To train the networks, the standard approach from [31] was applied. An Adam optimizer with a learning rate $l_r=2\times {10}^{-4}$ and momentum parameters ${\beta }_1=0.5$ and ${\beta }_2=0.999$ was used. The networks were trained from scratch. The weights were taken from a normal distribution with a mean of 0 and a standard deviation of 0.02. The networks were trained twice for 500,000 iterations with a batch size of 1. In the objective function, $\lambda =100$ was chosen as well as the L1 or L2 distance measure, depending on the configuration. The weight clipping factor of the WGAN was 0.01.

5.3. U-Nets

In this work, one architecture of the U-Net and one of the SDU-Net were investigated.

Table 4. Configurations of U-Nets for 3D reconstruction.
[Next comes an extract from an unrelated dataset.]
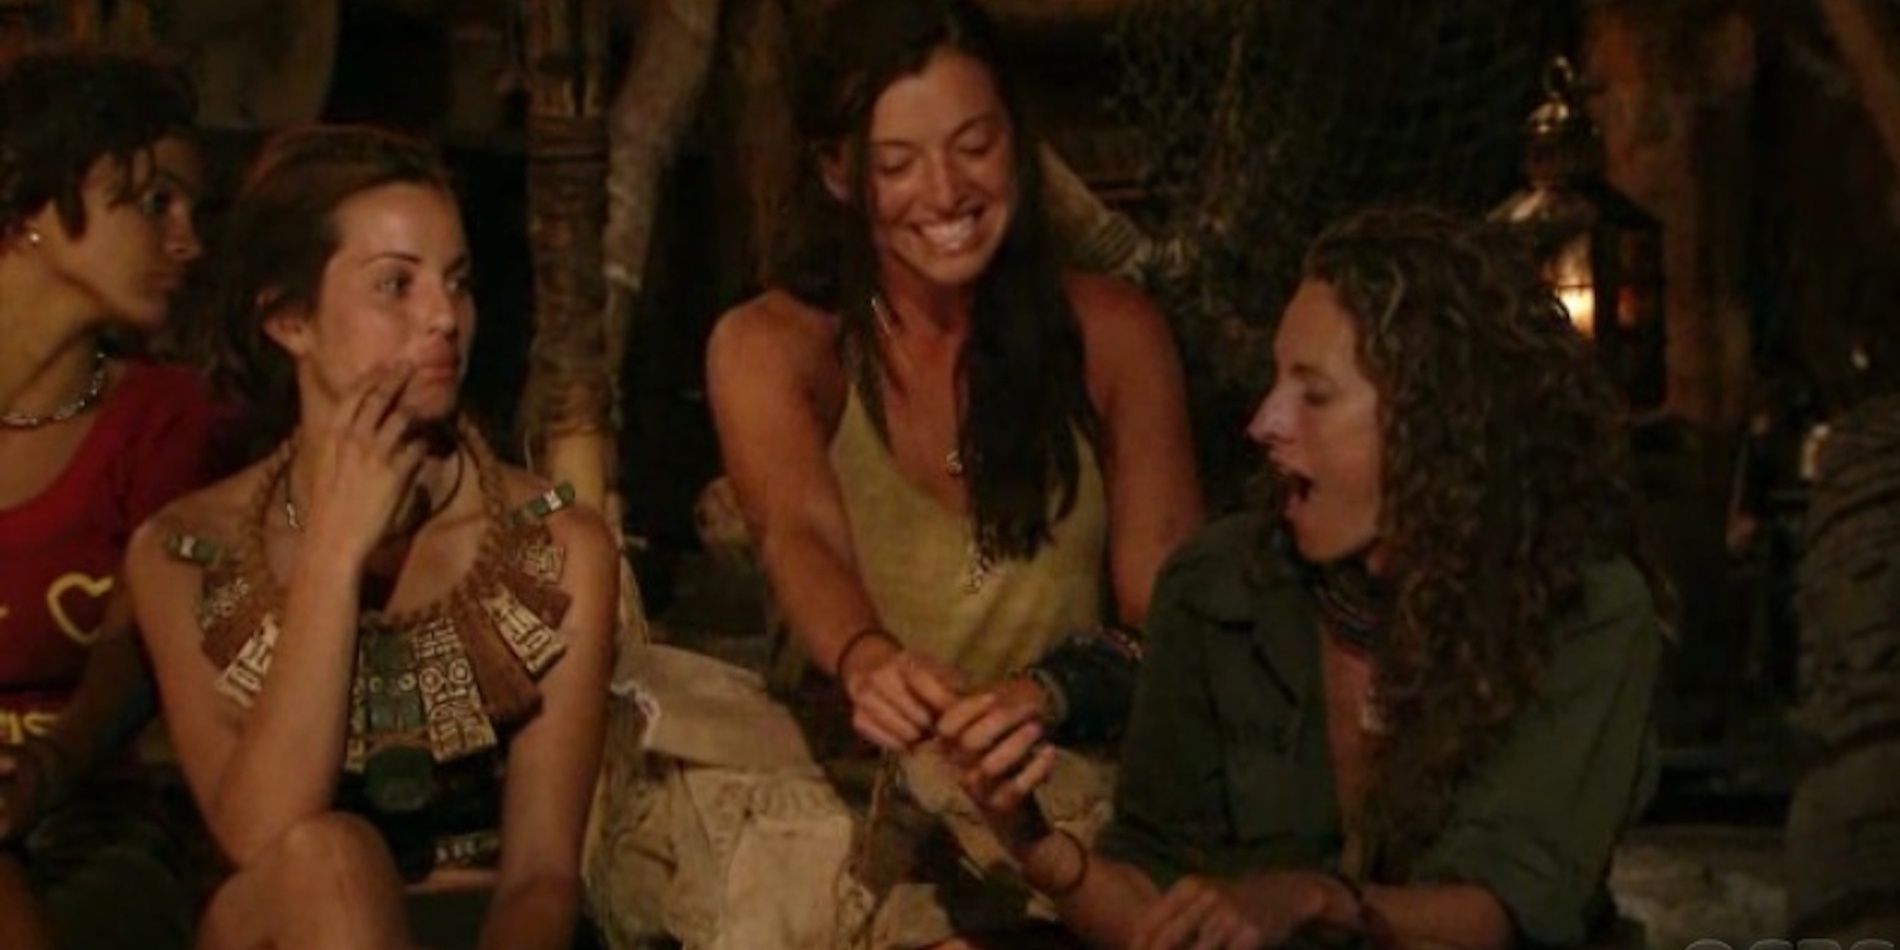 Parvati giving an idol to Jerri at tribal council

Configuration	Structure	Number of Filters
I	U-Net	16
II	SDU-Net	16

shows the two configurations to be examined. The dimension of the grayscale images at the input as well as the reconstructions at the output was 432 × 432 pixels. The images were scaled to a range of values of [0, 1]. Configuration I used a classic U-Net architecture. CPDk denotes a convolutional–batch normalization–max pooling–dropout–ReLU layer with k filters. CUDk contained a convolution–batch normalization–upsampling–max pooling–dropout–ReLU layer. Batch normalization is not present in the classic U-Net. The former was added to obtain a faster and more stable network. The encoder architecture was C16–CPD16–C32–CPD32–C64–CPD64–C128–CPD128–C256. The decoder structure was CUD256–C128–CUD128–C64–CUD64–C32–CUD32–C16–C16. The layers were connected with skip connections. All convolutions had the dimension 3 × 3 with a step size of 1. For upsampling, we used a convolution operation that used trainable weights to determine the optimal procedure for the upsampling step. The upsampling factor was 2. The activation function was a ReLU. The output layer used a sigmoid function to scale the output to [0, 1]. Configuration II employed the SDU-Net. It was examined whether a sufficiently good reconstruction could be obtained based on only a few training examples, which is advantageous for industrial applications. PsdCk denotes the encoder operation of the SDU-Net, consisting of a max pooling–sdConvolution–ReLu layer with the filter numbers k. The architecture of the encoder was PsdC16–PsdC32–PsdC64–PsdC128. In the first layer, the max pooling operation was omitted. UsdCk contained the decoder operation of the SDU-Net, consisting of a upsampling–sdConvolution–ReLU layer. The architecture of the decoder was Usd128–UsdC64–UsdC32–UsdC16–C1. Three skip connections between encoder and decoder were used. All convolutions had the dimension 3 × 3. An sdC-block consisted of one standard convolution and four dilated convolutions, with the filter numbers $k/2$, $k/4$, $k/8$, $k/16$ and $k/16$, respectively. For the stacked dilated convolutions, dilation rates of 3, 6, 9 and 12 were used. The step size was 1. The last convolution layer reduced the number of channels to 1. Here, the activation was a sigmoid function. The architecture of the U-Net configuration is illustrated in Figure 3. The feature maps shown as boxes consisted of the sdC-block instead of the two consecutive convolutional layers in the SDU-Net.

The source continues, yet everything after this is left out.